Just over three years after a consortium of private investors led by Carlyle Group and J.P. Morgan Corsair II (JPM) bought South Korea's troubled KorAm Bank and revived it, Citigroup (C) is offering to acquire KorAm for $2.7 billion. The Citigroup purchase, set to take place in April, adds up to the largest foreign investment ever in South Korea. To some observers, it's a vote of confidence in the Korean banking system, which was driven to its knees, and largely nationalized, in the wake of the 1997-98 Asian financial crisis. Citigroup "is sending a strong thumbs-up signal for the Korean economy," says Lee Chang Hee, a banking analyst at Daiwa Securities Co.
But to hear some members of the Korean press and political Establishment tell it, this foreign interest in Korean assets is a danger. They accuse the foreign investors, particularly private equity groups like Carlyle, of exploiting Korea to skim off big profits. And what does Korea get in return? ask these critics. Precious little. "Foreign equity funds seeking short-term profits could lead to the drain of national wealth," warns Kang Jae Sup, lawmaker of the main opposition Grand National Party.
They couldn't be more wrong. True, some private equity deals in Korea have been highly profitable. The Carlyle-J.P. Morgan consortium will take away a 130% return once Citigroup's takeover is completed. Since Lone Star Funds of Dallas paid $1.2 billion to buy 51% of Korea Exchange Bank last year, the shares have jumped more than 50%. And last year, Goldman, Sachs & Co.'s (GS) private equity arm cashed out most of its $500 million in Kookmin Bank (KB), Korea's largest lender, tripling the value of its four-year investment.
But these profits hardly amount to exploitation and profiteering. On the contrary, the foreign investors took big risks by investing in what at the time was a crippled banking sector, and they are now reaping their just rewards. "The equity funds served as a bridge over troubled waters for Korean banks," says Jun Sung In, an economics professor at Hongik University.
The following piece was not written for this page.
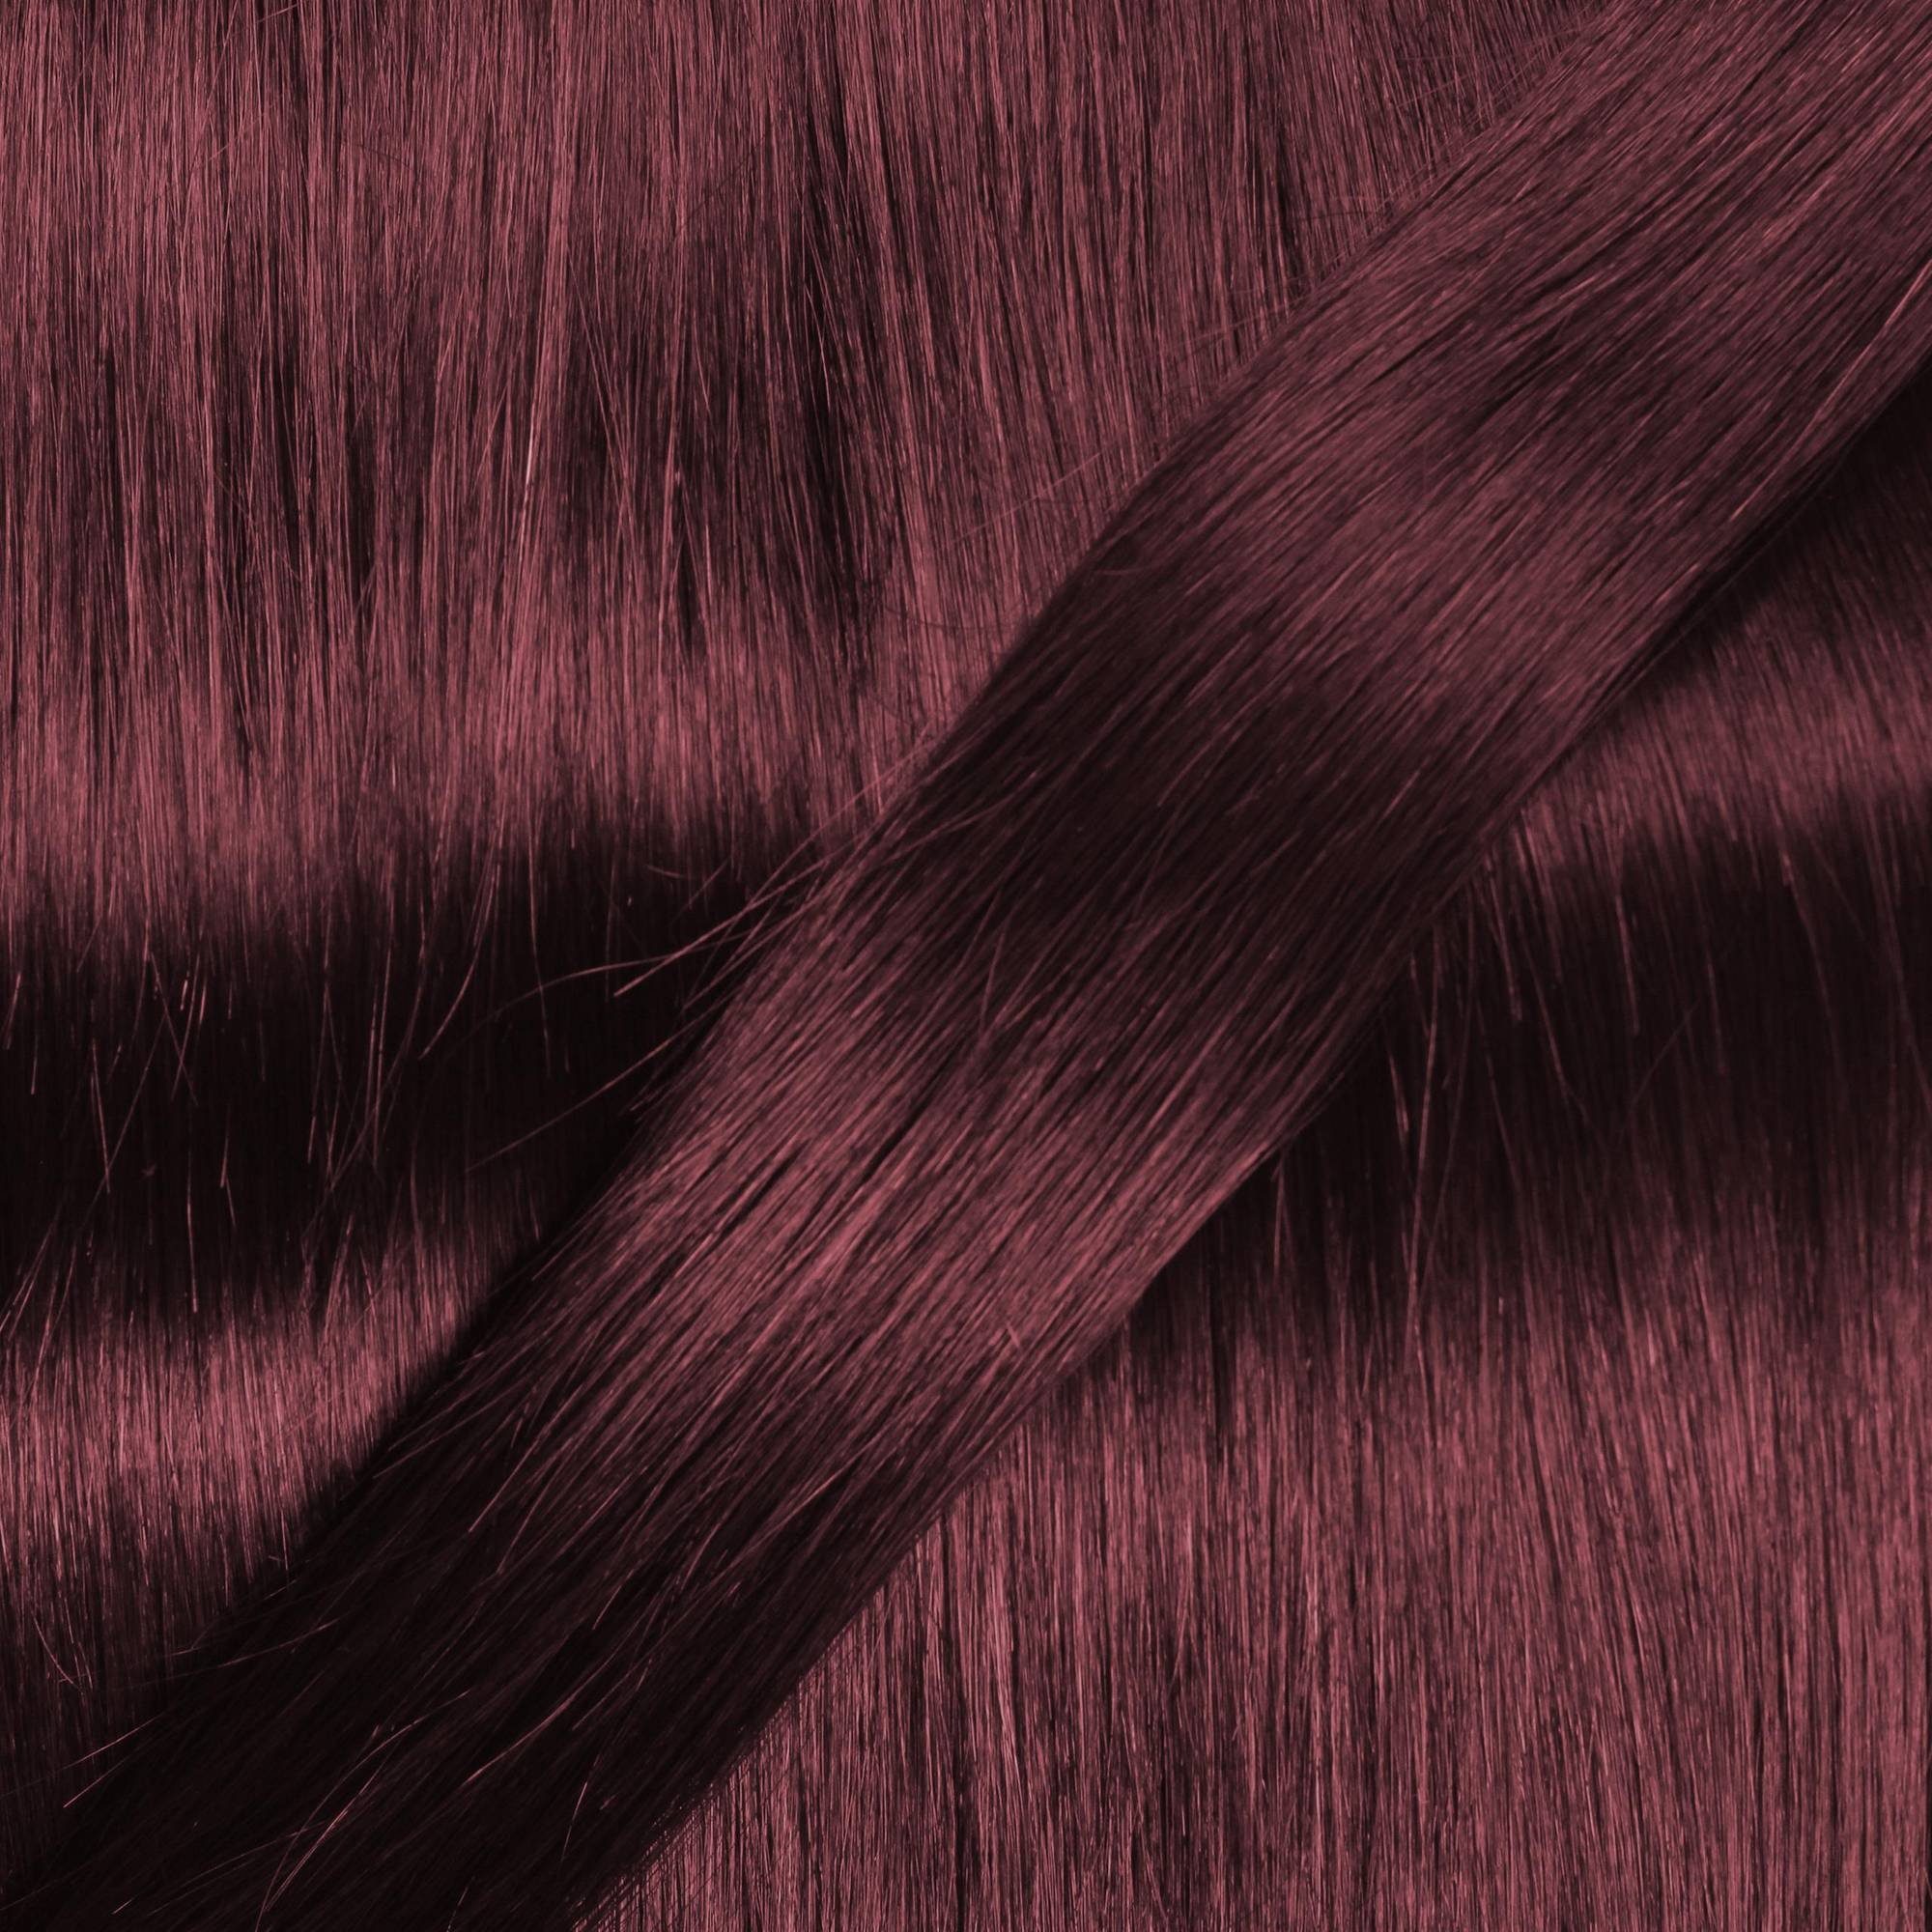 Extensions Violett 0.5g 40cm Hellbraun hair2heart #55/66 Echthaar-Extension gewellt Bonding

Moreover, the private equity investors have done a world of good for the management of Korean banks. They have largely ceased being the financiers of Korea's huge conglomerates, opened their doors to ordinary consumers seeking retail loans and mortgages, and stopped taking orders from bureaucrats eager to help corporate patrons get cheap credit. For all this, the banks' new managers have been raked over the coals. After taking over Korea First Bank (KFB), San Francisco's Newbridge Capital Group was labeled "selfish" by the press and politicians for refusing to take part in a government-led bailout of distressed corporations. The truth, of course, is that KFB was only doing what was in shareholders' best interests.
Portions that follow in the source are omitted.